In 1172, the new pope, Alexander III, further encouraged Henry to advance the integration of the Irish Church with Rome. Henry was authorised to impose a tithe of one penny per hearth as an annual contribution. This church levy, called Peter's Pence, is still extant in Ireland as a voluntary donation. In turn, Henry accepted the title of Lord of Ireland which Henry conferred on his younger son, John Lackland, in 1185. This defined the Irish state as the Lordship of Ireland. When Henry's successor died unexpectedly in 1199, John inherited the crown of England and retained the Lordship of Ireland.

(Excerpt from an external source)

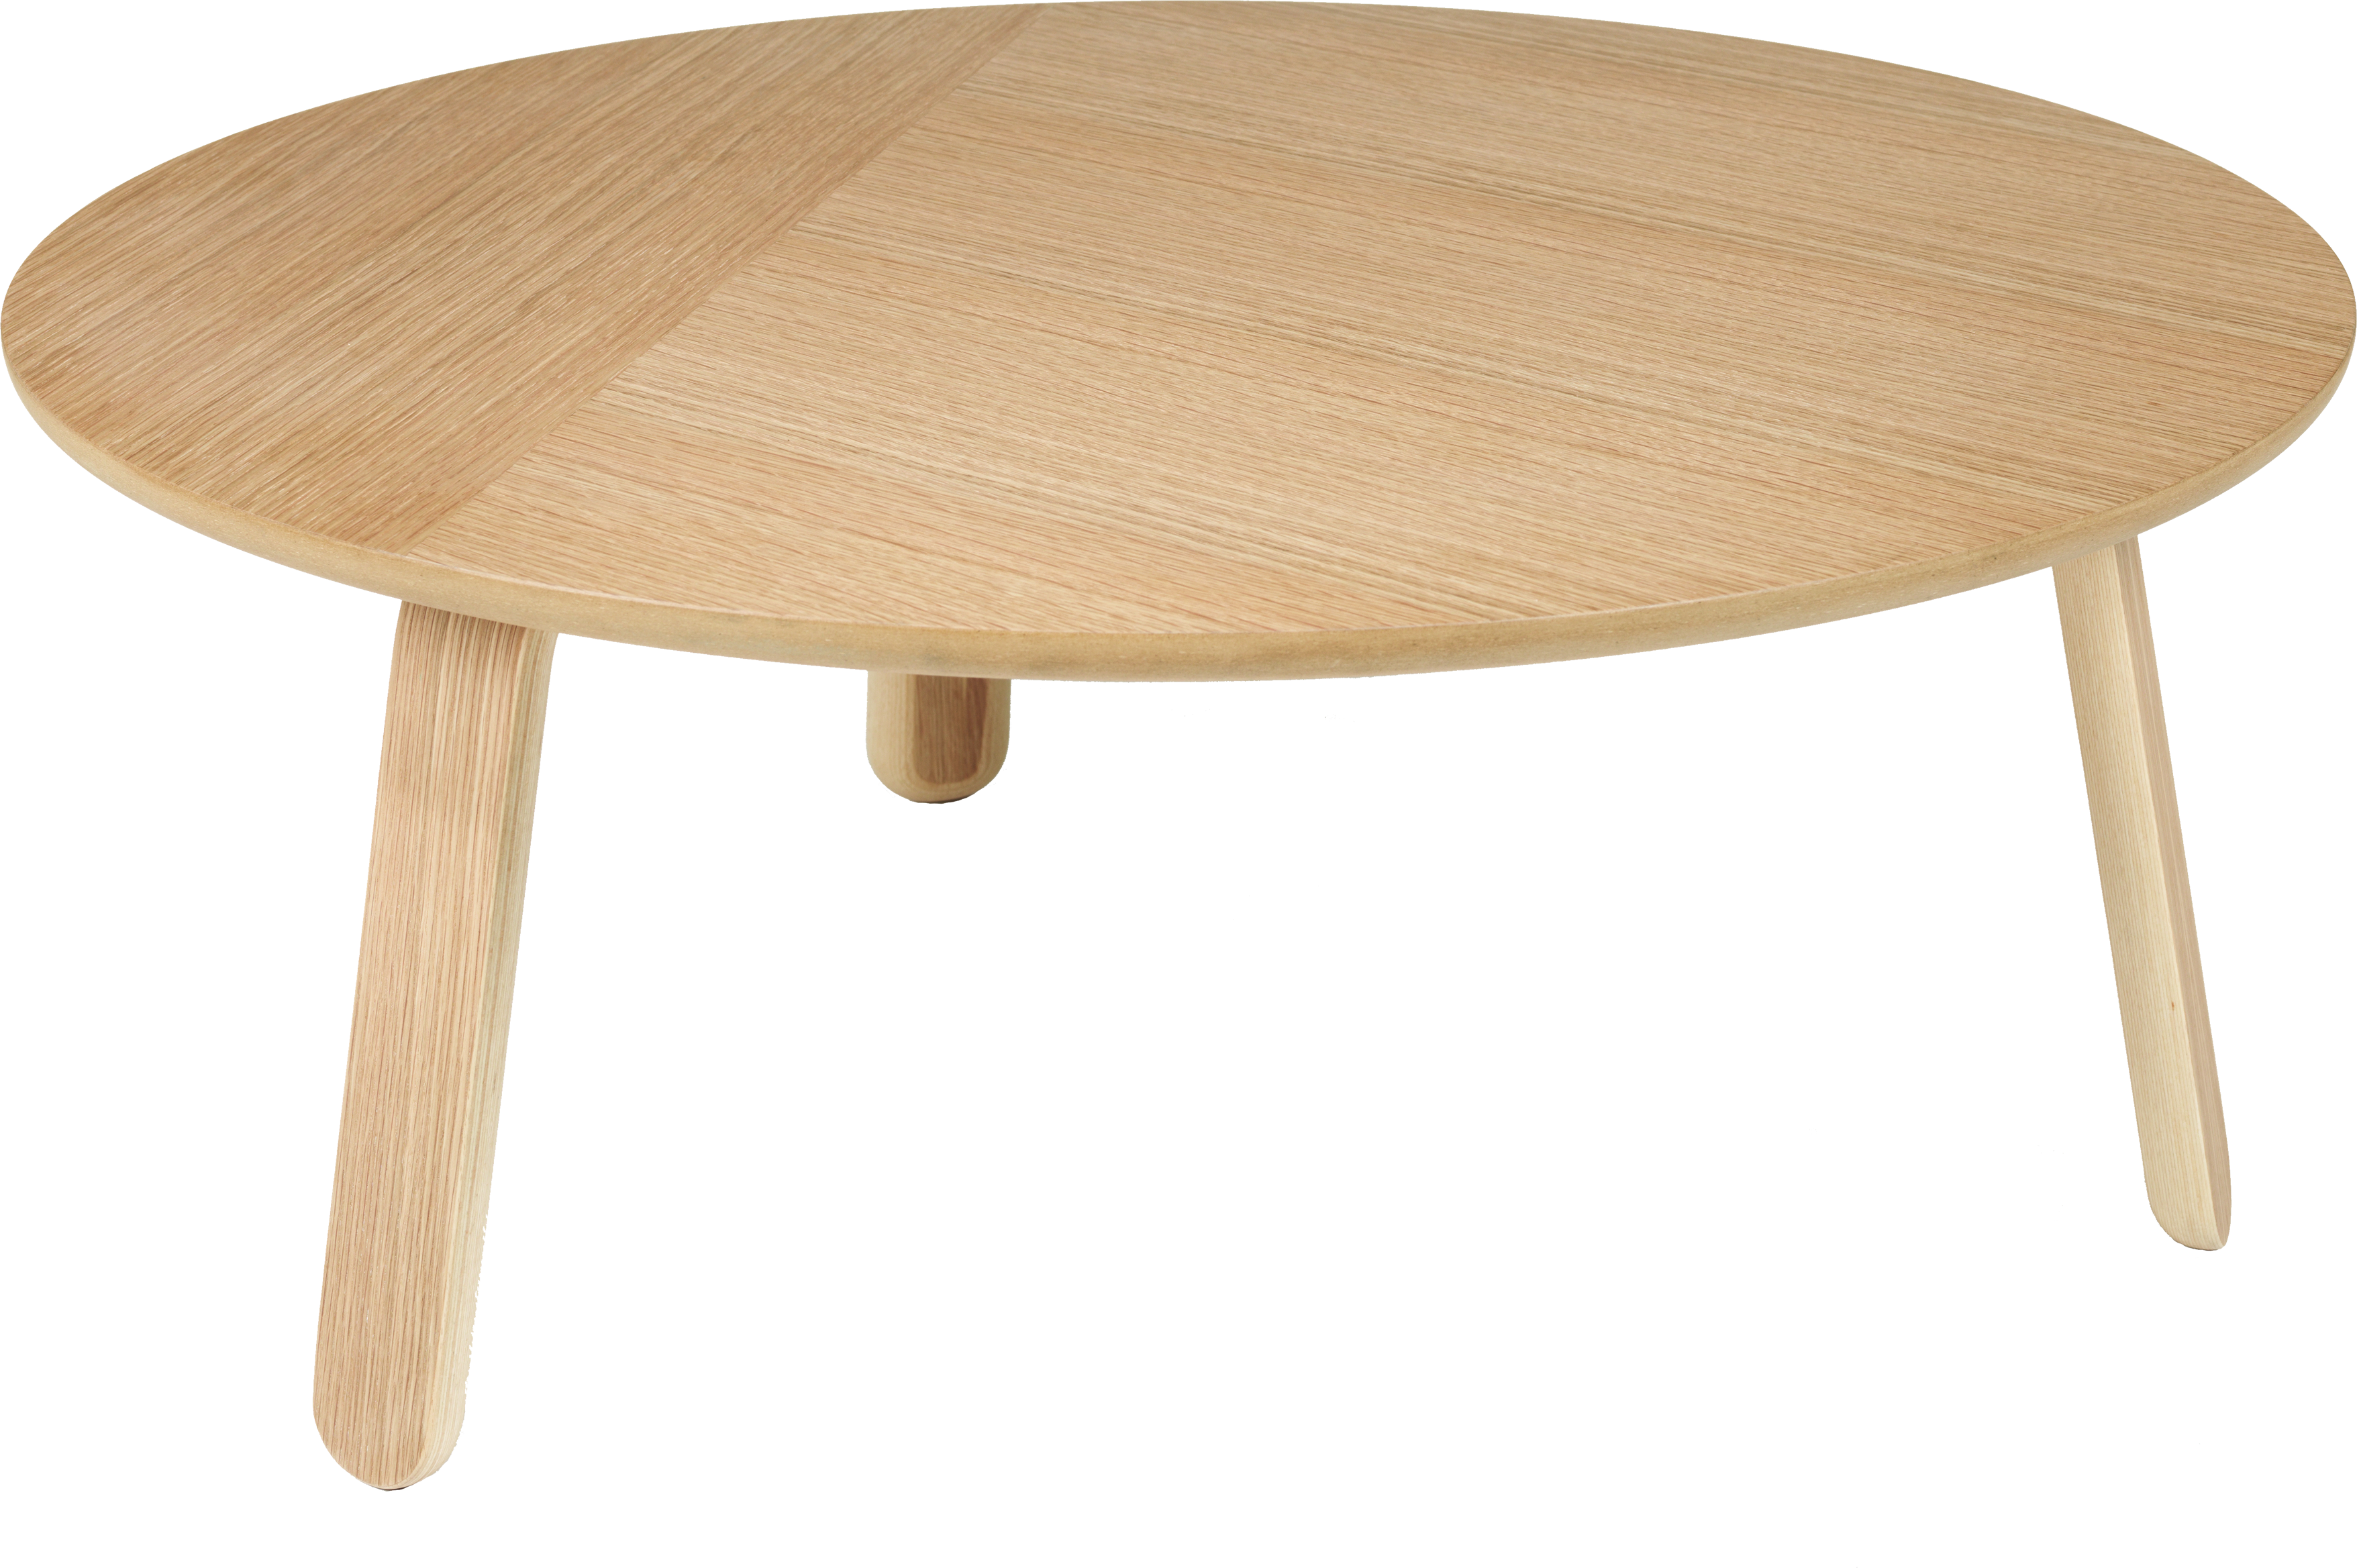 Wooden Table Png Image Metallic Painted Furniture Modern Vintage Furniture Table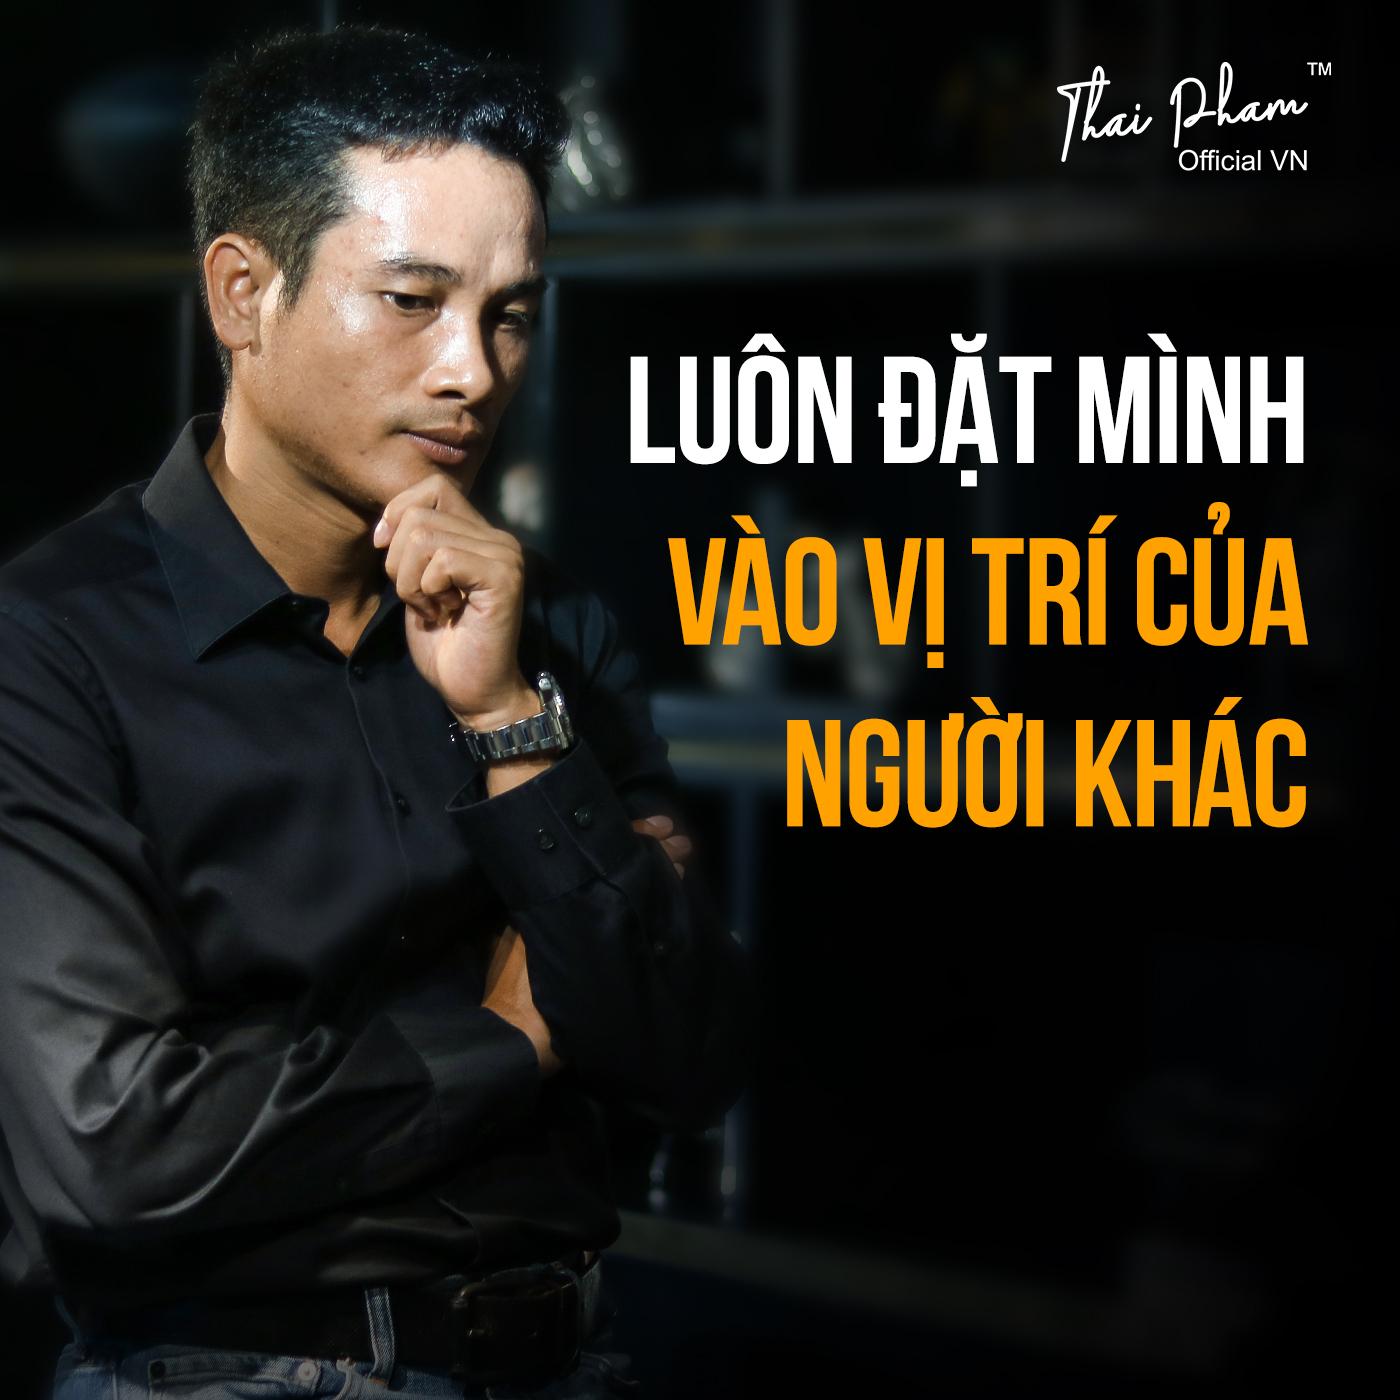 luon-dat-minh-vao-vi-tri-cua-nguoi-khac-thai-pham-blo

Irish soldiers, 1521 — by Albrecht Dürer.

Over the century that followed, Norman feudal law gradually replaced the Gaelic Brehon Law so that by the late 13th century the Norman-Irish had established a feudal system throughout much of Ireland. Norman settlements were characterised by the establishment of baronies, manors, towns and the seeds of the modern county system. A version of the Magna Carta (the Great Charter of Ireland), substituting Dublin for London and Irish Church for Church of England, was published in 1216 and the Parliament of Ireland was founded in 1297.

However, from the mid-14th century, after the Black Death, Norman settlements in Ireland went into a period of decline. The Norman rulers and the Gaelic Irish elites intermarried and the areas under Norman rule became Gaelicised. In some parts, a hybrid Hiberno-Norman culture emerged. In response, the Irish parliament passed the Statutes of Kilkenny in 1367. These were a set of laws designed to prevent the assimilation of the Normans into Irish society by requiring English subjects in Ireland to speak English, follow English customs and abide by English law.[40] However, by the end of the 15th century central English authority in Ireland had all but disappeared and a renewed Irish culture and language, albeit with Norman influences, was dominant again. English Crown control remained relatively unshaken in an amorphous foothold around Dublin known as The Pale and under the provisions of Poynings' Law of 1494, the Irish Parliamentary legislation was subject to the approval of the English Parliament.

Kingdom of Ireland

A scene from The Image of Irelande (1581) showing a chieftain at a feast.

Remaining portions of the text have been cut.